Descriptive Statistics in R
Take your programming skills to the next level with interactive lessons and real-world projects.
Explore Coddy →Descriptive statistics are essential tools for summarizing and understanding data in R. They provide insights into the central tendency, dispersion, and shape of your dataset.
Measures of Central Tendency
R offers several functions to calculate measures of central tendency:
Mean
The mean is the average of all values in a dataset. Calculate it using the mean() function:
data <- c(1, 2, 3, 4, 5)
mean_value <- mean(data)
print(mean_value) # Output: 3
Median
The median is the middle value when the data is ordered. Use the median() function:
median_value <- median(data)
print(median_value) # Output: 3
Mode
R doesn't have a built-in mode function, but you can create one:
get_mode <- function(x) {
unique_x <- unique(x)
unique_x[which.max(tabulate(match(x, unique_x)))]
}
mode_value <- get_mode(c(1, 2, 2, 3, 4, 4, 4, 5))

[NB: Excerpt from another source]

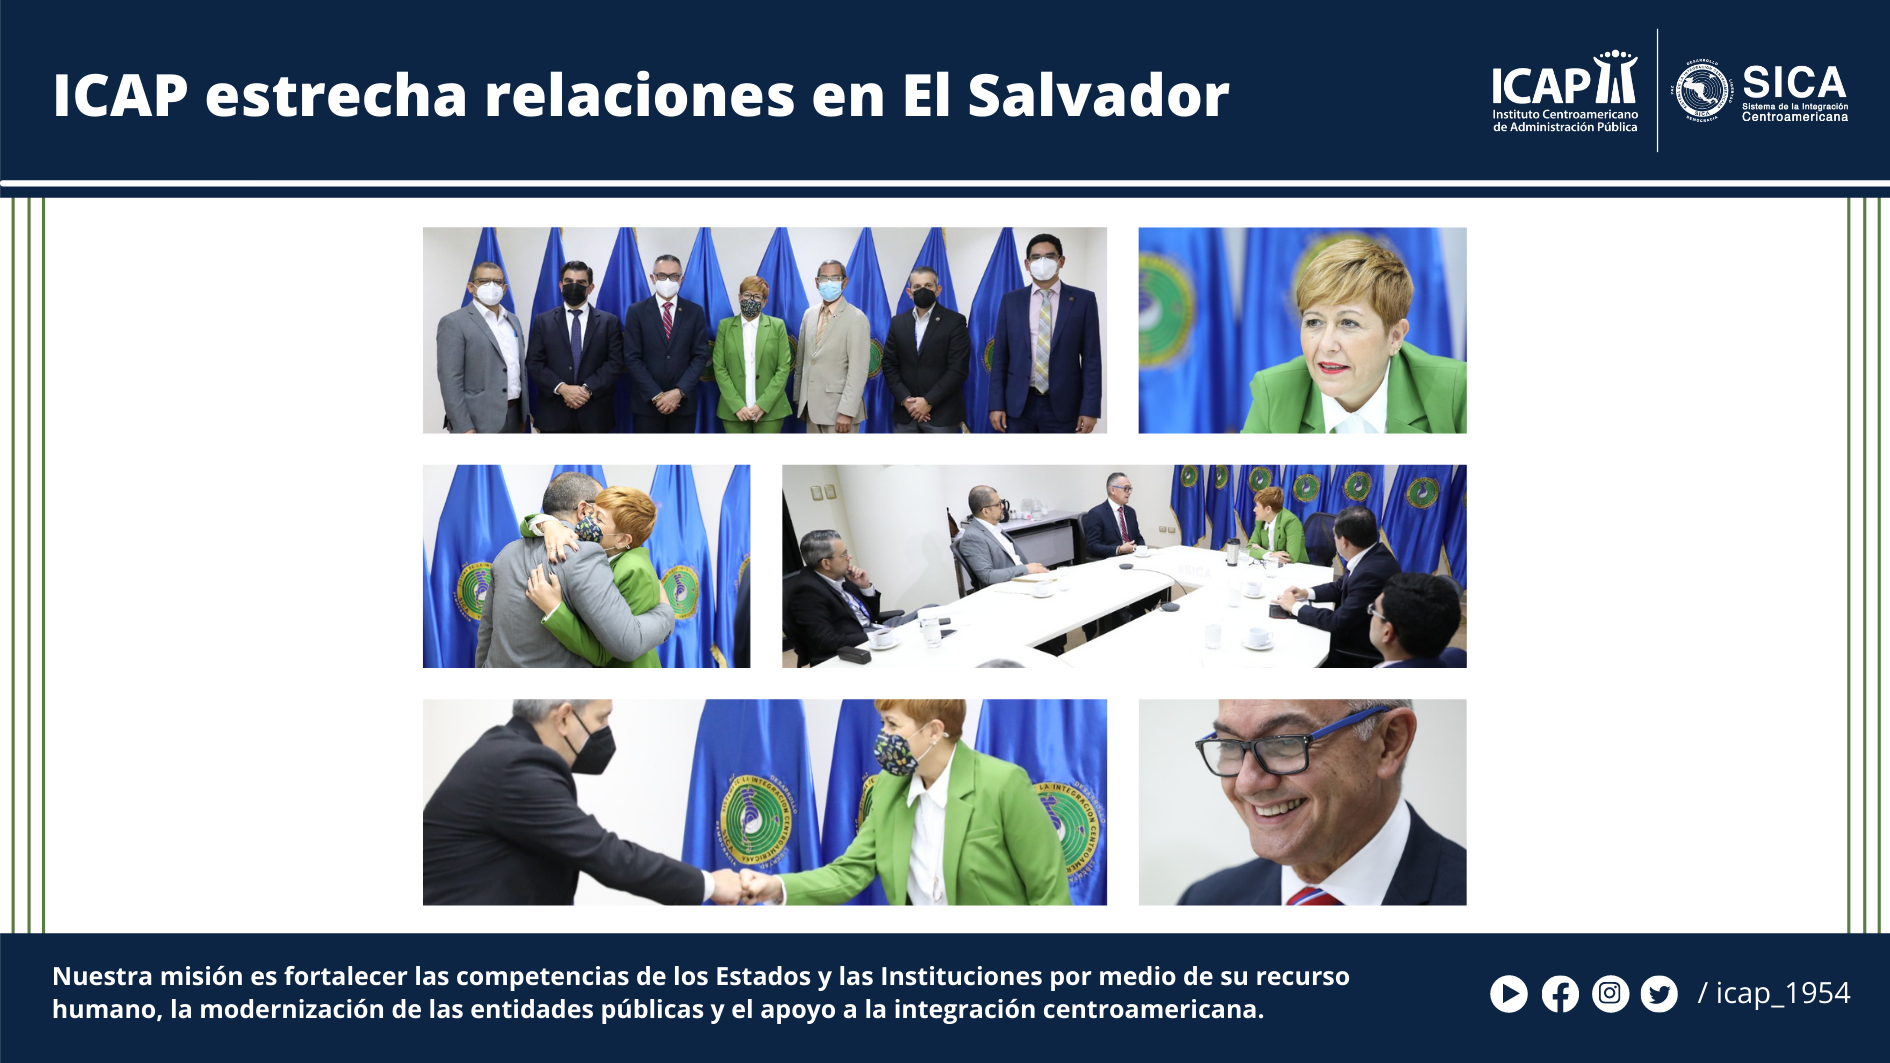 ICAP estrecha relaciones en El Salvador

print(mode_value) # Output: 4
Measures of Dispersion
These statistics describe the spread of your data:
Range
Calculate the range using range() or manually:
data_range <- max(data) - min(data)
print(data_range) # Output: 4
Variance
Variance measures the average squared deviation from the mean. Use var():
variance <- var(data)
print(variance) # Output: 2.5
Standard Deviation
The standard deviation is the square root of the variance. Calculate it with sd():
std_dev <- sd(data)
print(std_dev) # Output: 1.581139
Measures of Shape
These statistics describe the distribution of your data:
Skewness
Skewness measures the asymmetry of the distribution. Use the moments package:
library(moments)
skewness_value <- skewness(data)
print(skewness_value) # Output: 0
Kurtosis
Kurtosis measures the tailedness of the distribution:
kurtosis_value <- kurtosis(data)
print(kurtosis_value) # Output: 1.7
Summary Statistics
R provides a convenient summary() function to get an overview of your data:
summary_stats <- summary(data)
print(summary_stats)
Visualizing Descriptive Statistics
Visualizations can help understand your data better. Use the ggplot2 package for creating informative plots:
library(ggplot2)
ggplot(data.frame(x = data), aes(x = x)) +
geom_histogram(binwidth = 1, fill = "skyblue", color = "black") +
geom_vline(aes(xintercept = mean(x)), color = "red", linetype = "dashed", size = 1) +
labs(title = "Histogram with Mean", x = "Value", y = "Frequency")
Best Practices
- Always check for missing values before calculating statistics.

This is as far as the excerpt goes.